El veterinario no le contesta, está absorto con la mirada fija en la imagen de la mano, se ve hasta el detalle de la estructura interna de cada huesito.  No se justifica operarlo, si es por el perro no tiene sentido.

¿Qué habrá pasado con el dueño de la mano? ¿Habrá muerto desangrado, y lo habrán  enterrado sus compinches en algún pozo anónimo? ¿Habrá sido atendido en algún hospital público?  ¿Dirá cómo le pasó?  ¿Le preguntarán?.

-  ¿Cuánto es? pregunta el dueño del Dogo.

Ya se quiere ir. Hoy lo miró a los ojos por primera vez, y ahora sonríe también por primera vez. Es una sonrisa casi imperceptible, como si no participaran los músculos de su cara. Es una sonrisa de los ojos. Está realmente orgulloso.

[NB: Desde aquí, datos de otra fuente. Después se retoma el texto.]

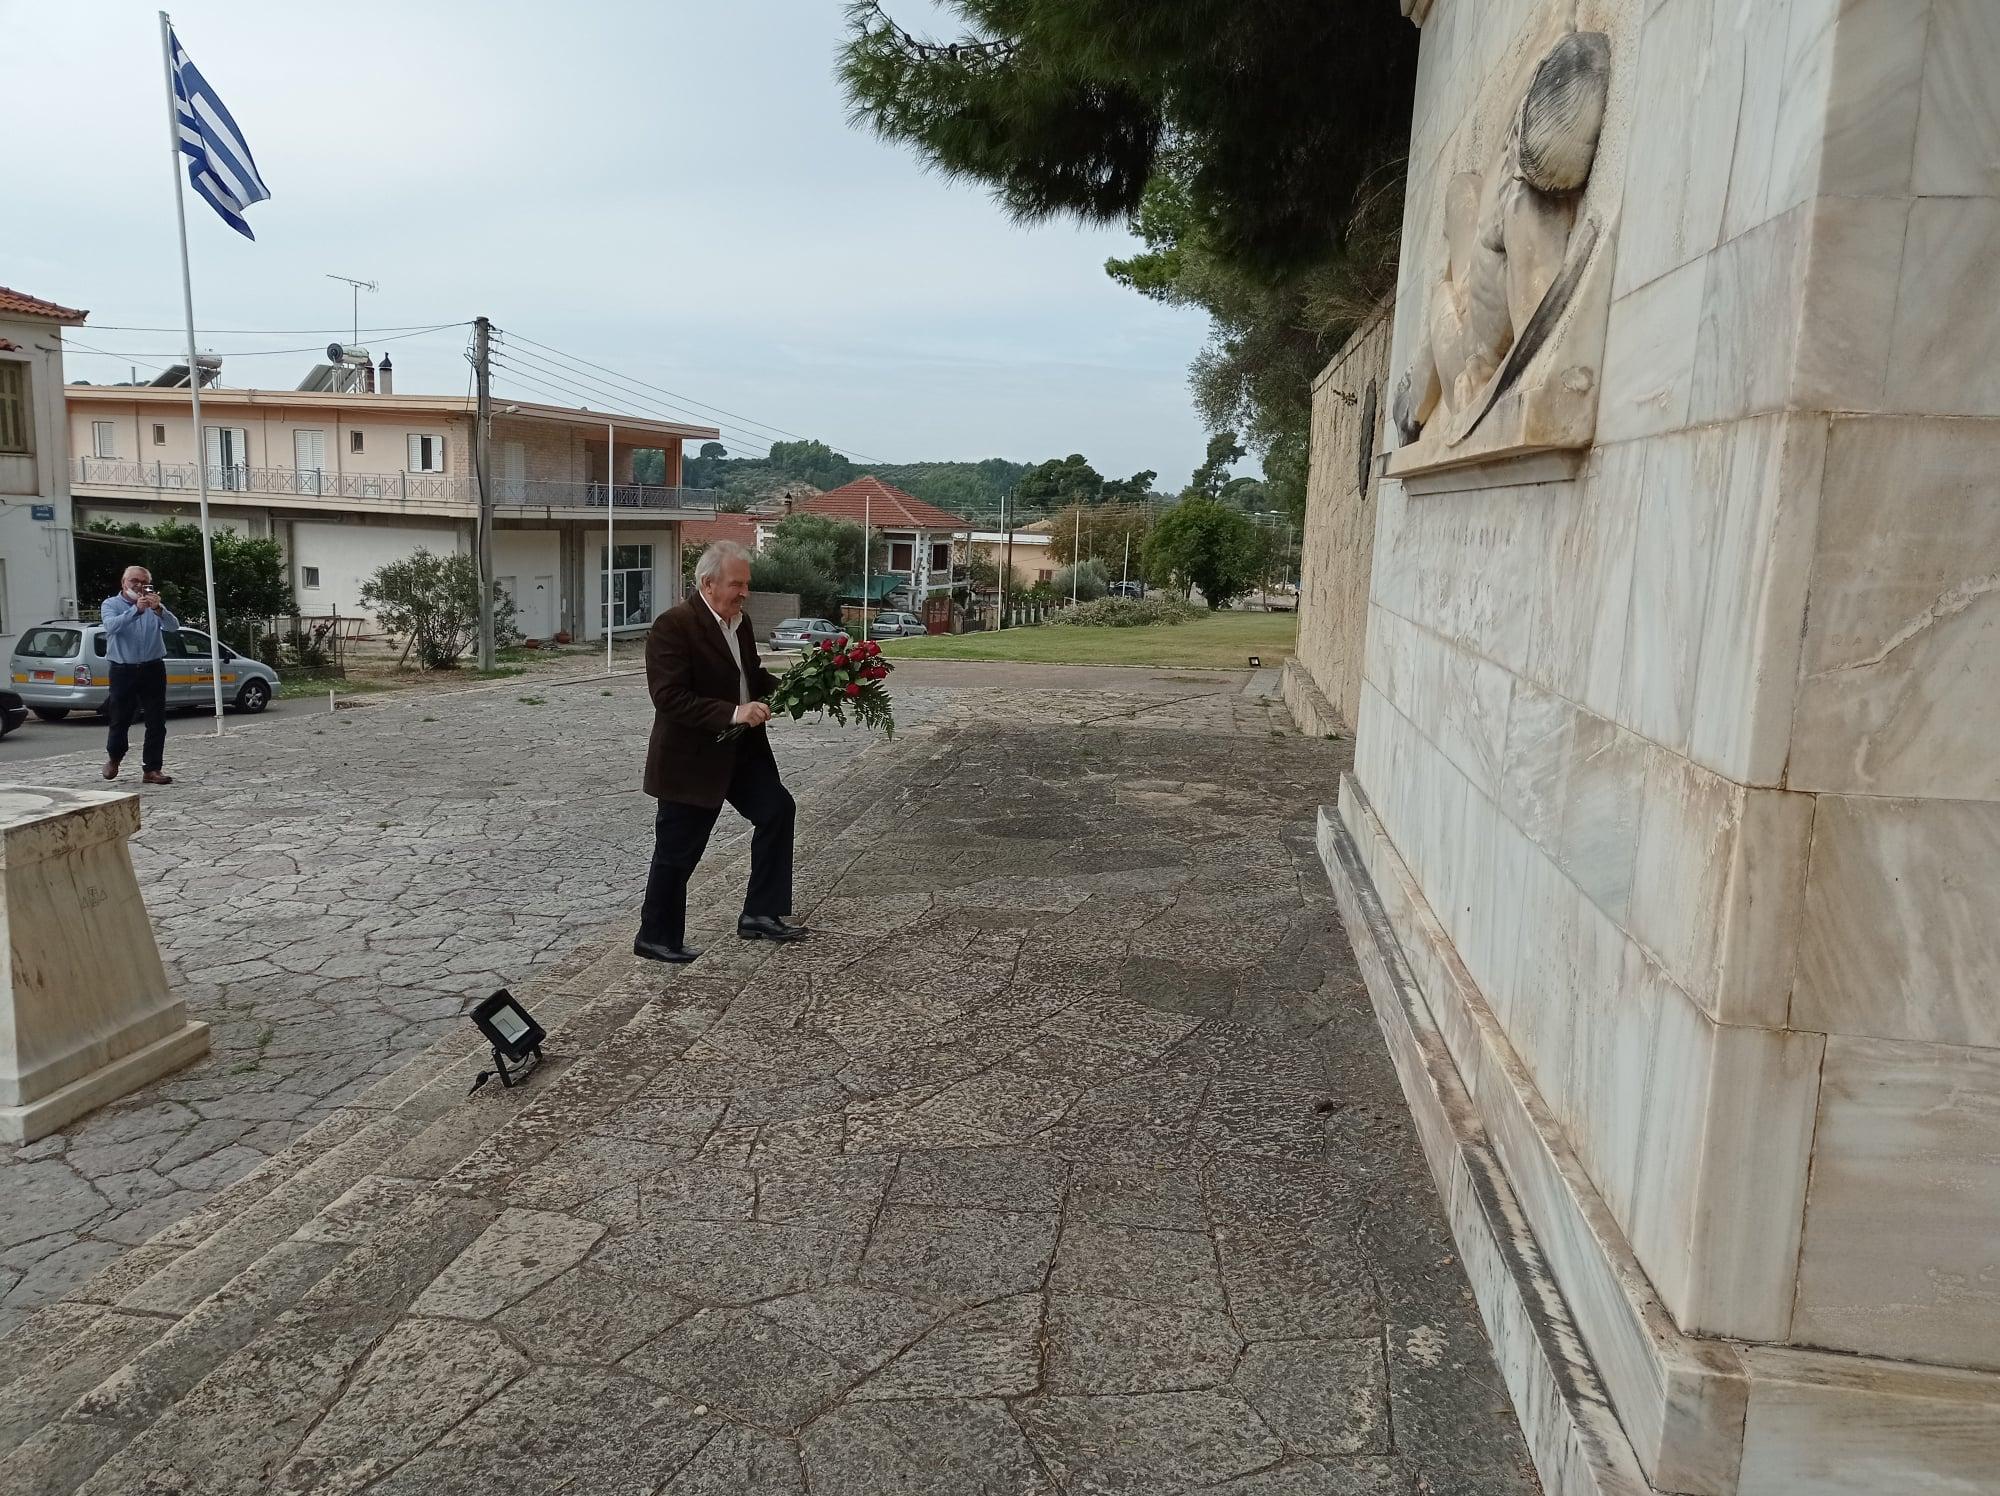 Δήμος Ανδρίτσαινας-Κρεστένων: Κατάθεση στεφάνων προς τιμήν των αγωνιστών του Πολυτεχνείου

El veterinario también sabe sonreír así, pero no porque estuviera orgulloso del poder de esta masa de músculos fibrosos y huesos, seleccionada miles de generaciones solo para pelear hasta el final, sin dudar, sin dolor, sin otra finalidad que el combate mismo, sin importar el resultado, y que con su cerebro no más grande que una albóndiga lo mira indiferente, porque no le teme ni lo odia.

Ahora es el veterinario el que sonríe, porque en el tedio cotidiano de pretender haber sido un científico en un país del tercer mundo, se acuerda...de esa frase que no sabe si la escuchó si la leyó si la inventó, si era así o la deformó, pero parece ser que a veces es verdad, “el perro es como un hombre para el hombre, y el hombre...como un perro”.